The hessian of taylor approximation is easier to evaluate, plus it can be evaluated in a batched mode, so it can be more efficient in very specific instances.

Notes
  • In most cases HigherOrderNewton should be the first module in the chain because it relies on extra autograd. Use the inner argument if you wish to apply Newton preconditioning to another module's output.
  • This module requires the a closure passed to the optimizer step, as it needs to re-evaluate the loss and gradients for calculating higher order derivatives. The closure must accept a backward argument (refer to documentation).
  • this uses roughly O(N^order) memory and solving the subproblem is very expensive.
  • "none" and "proximal" trust methods may generate subproblems that have no minima, causing divergence.

Args:

order (int, optional):
    Order of the method, number of taylor series terms (orders of derivatives) used to approximate the function. Defaults to 4.
trust_method (str | None, optional):
    Method used for trust region.
    - "bounds" - the model is minimized within bounds defined by trust region.
    - "proximal" - the model is minimized with penalty for going too far from current point.
    - "none" - disables trust region.

    Defaults to 'bounds'.
increase (float, optional): trust region multiplier on good steps. Defaults to 1.5.
decrease (float, optional): trust region multiplier on bad steps. Defaults to 0.75.
trust_init (float | None, optional):
    initial trust region size. If none, defaults to 1 on :code:`trust_method="bounds"` and 0.1 on ``"proximal"``. Defaults to None.
trust_tol (float, optional):
    Maximum ratio of expected loss reduction to actual reduction for trust region increase.
    Should 1 or higer. Defaults to 2.
de_iters (int | None, optional):
    If this is specified, the model is minimized via differential evolution first to possibly escape local minima,
    then it is passed to scipy.optimize.minimize.
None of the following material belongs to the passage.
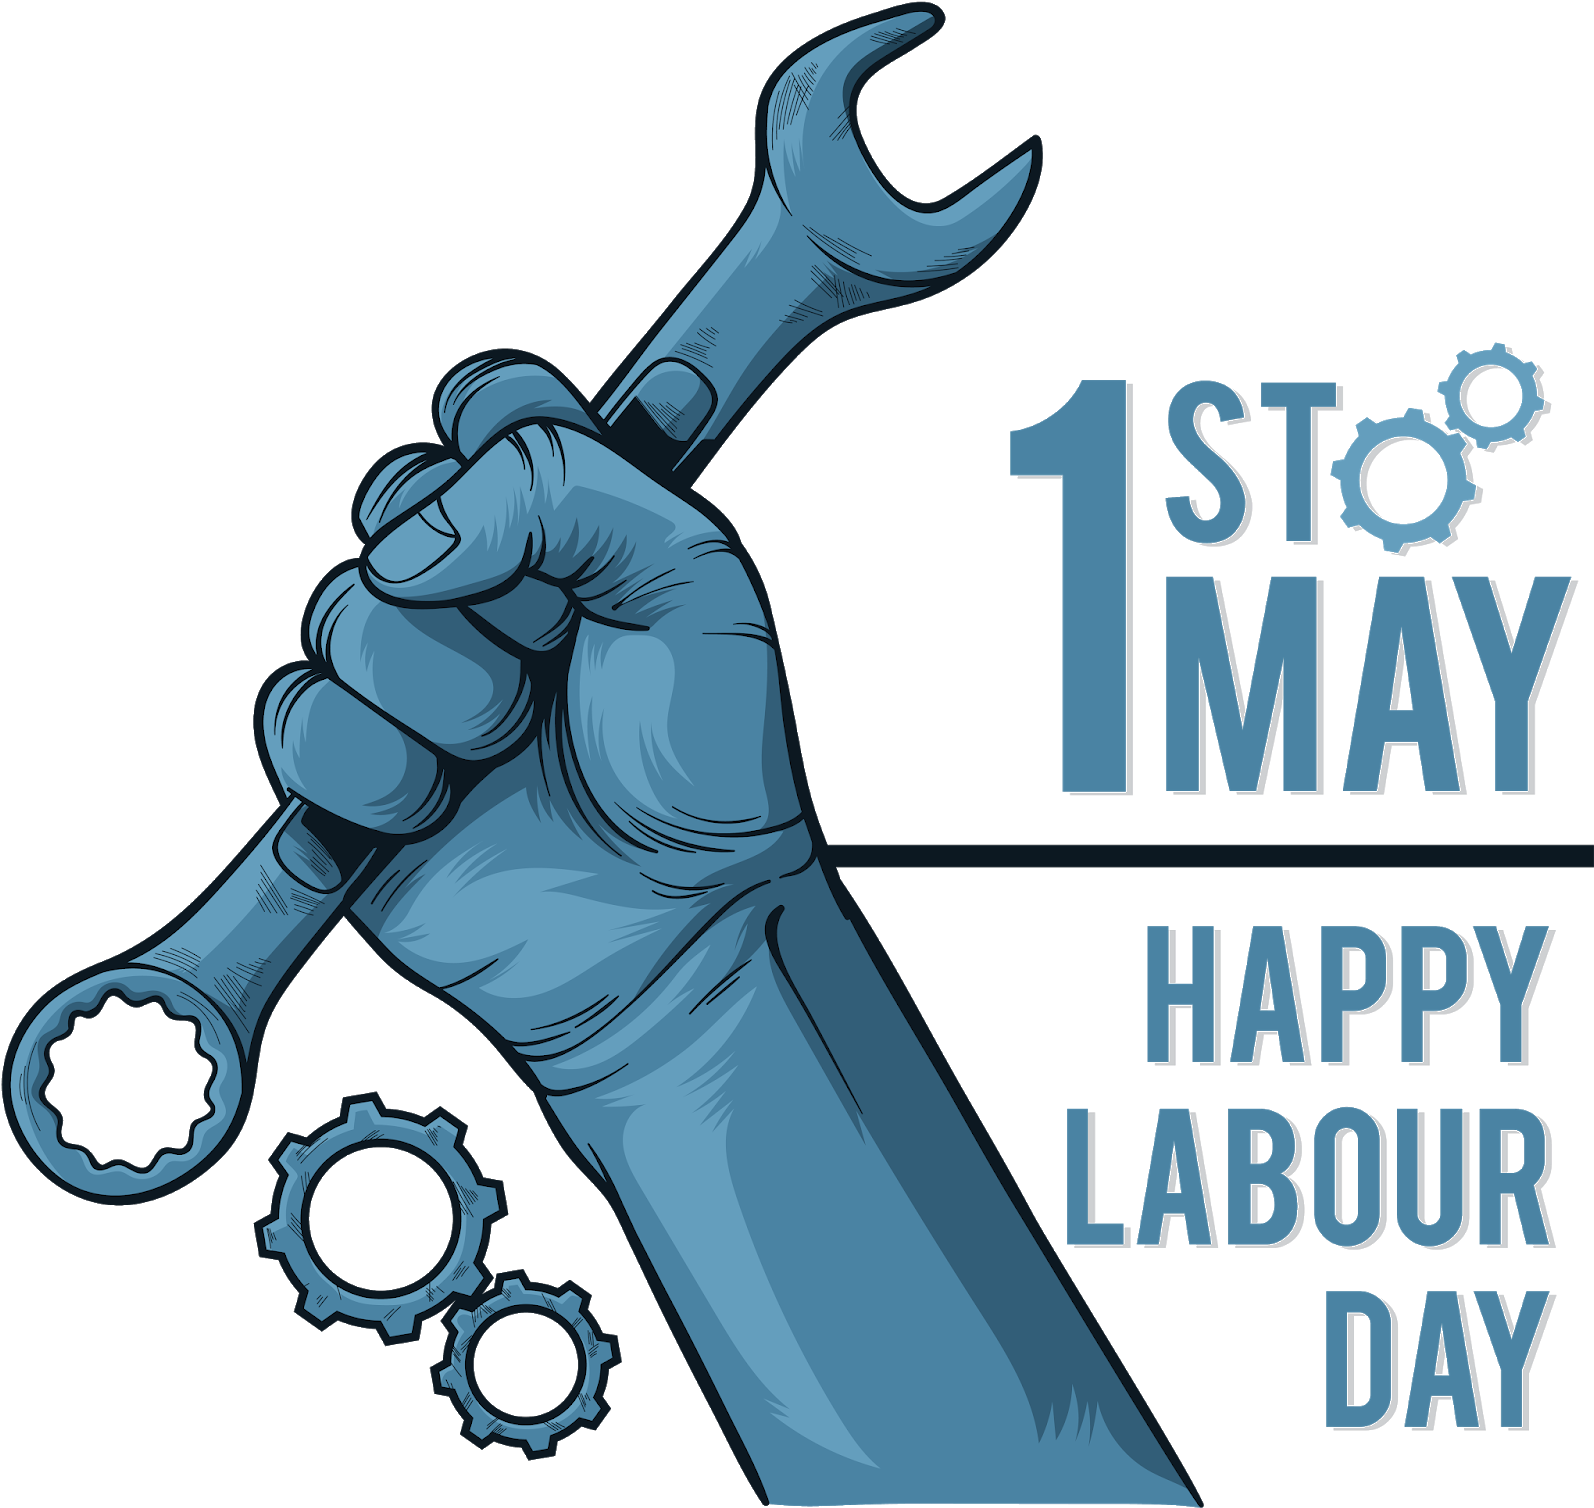 Download 1st May Happy Labor Day International Workers' Day PNG Image

Defaults to None.
vectorize (bool, optional): whether to enable vectorized jacobians (usually faster). Defaults to True.
Source code in torchzero/modules/higher_order/higher_order_newton.py
class HigherOrderNewton(Module):
    """A basic arbitrary order newton's method with optional trust region and proximal penalty.

    This constructs an nth order taylor approximation via autograd and minimizes it with
    ``scipy.optimize.minimize`` trust region newton solvers with optional proximal penalty.
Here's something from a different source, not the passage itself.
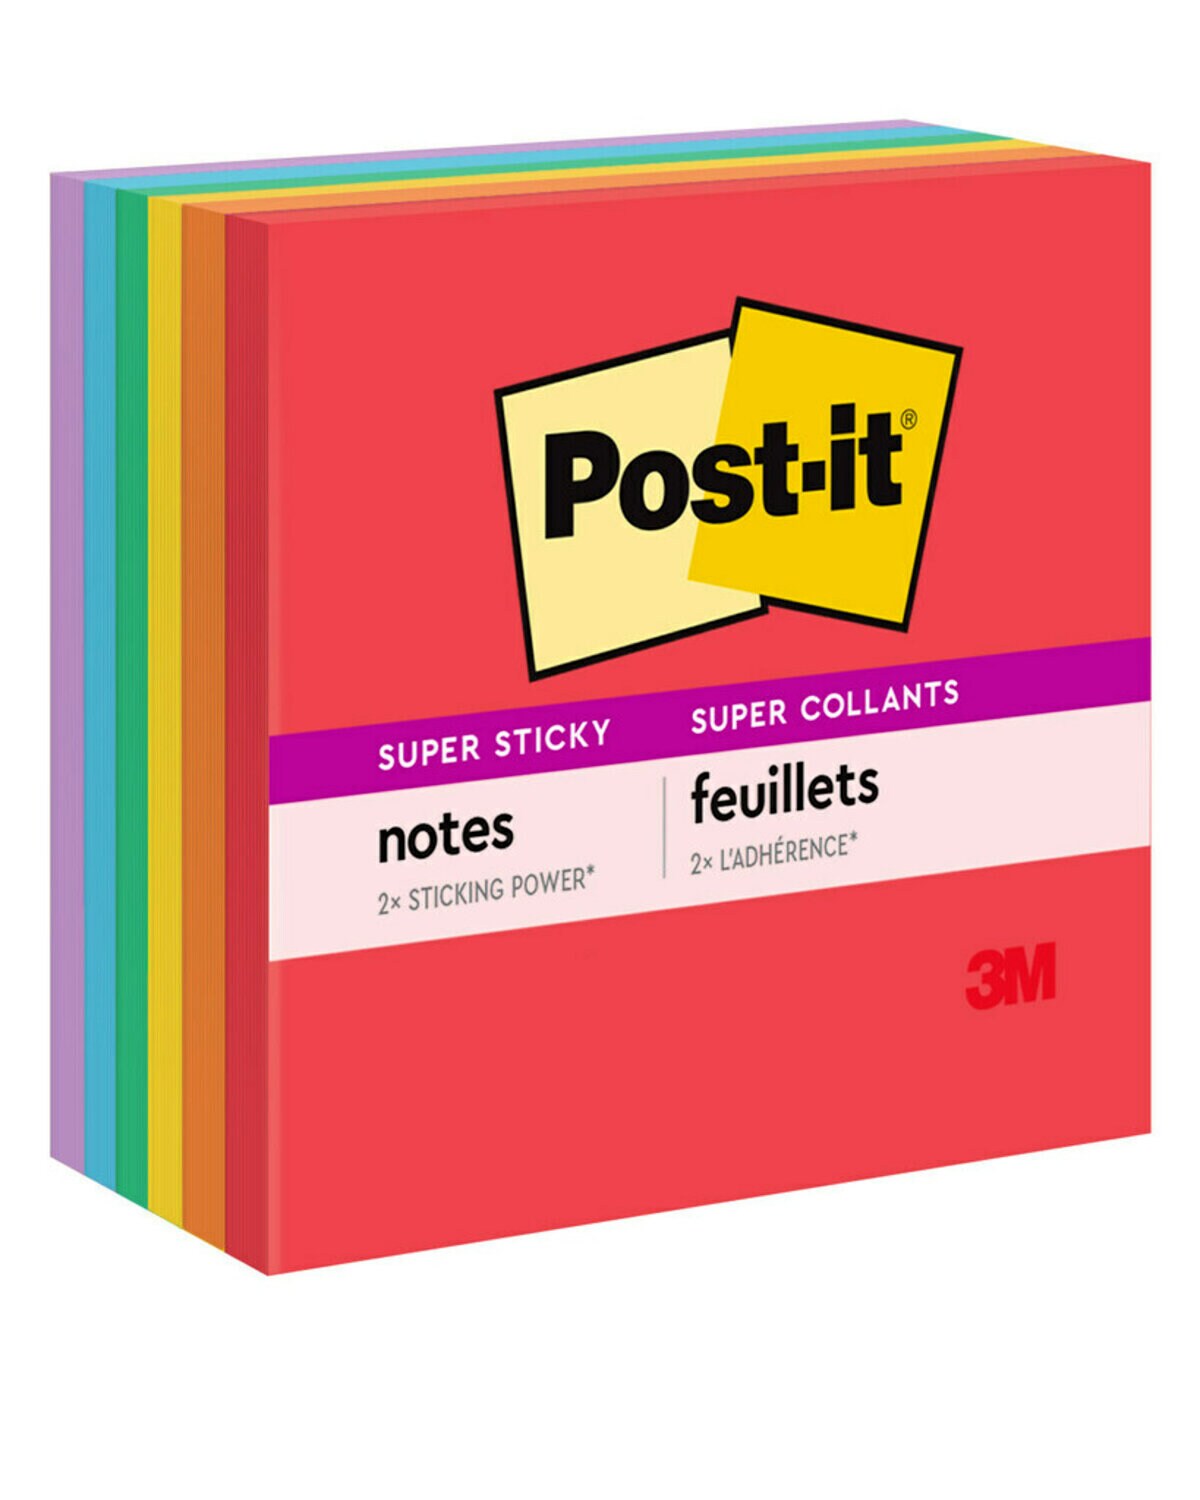 Post It extreme Xl note holder & Refills 4x6

    The hessian of taylor approximation is easier to evaluate, plus it can be evaluated in a batched mode,
    so it can be more efficient in very specific instances.

    Notes:
        - In most cases HigherOrderNewton should be the first module in the chain because it relies on extra autograd. Use the ``inner`` argument if you wish to apply Newton preconditioning to another module's output.
        - This module requires the a closure passed to the optimizer step, as it needs to re-evaluate the loss and gradients for calculating higher order derivatives. The closure must accept a ``backward`` argument (refer to documentation).
        - this uses roughly O(N^order) memory and solving the subproblem is very expensive.
        - "none" and "proximal" trust methods may generate subproblems that have no minima, causing divergence.

    Args:

        order (int, optional):
            Order of the method, number of taylor series terms (orders of derivatives) used to approximate the function. Defaults to 4.
        trust_method (str | None, optional):
            Method used for trust region.
            - "bounds" - the model is minimized within bounds defined by trust region.
            - "proximal" - the model is minimized with penalty for going too far from current point.
            - "none" - disables trust region.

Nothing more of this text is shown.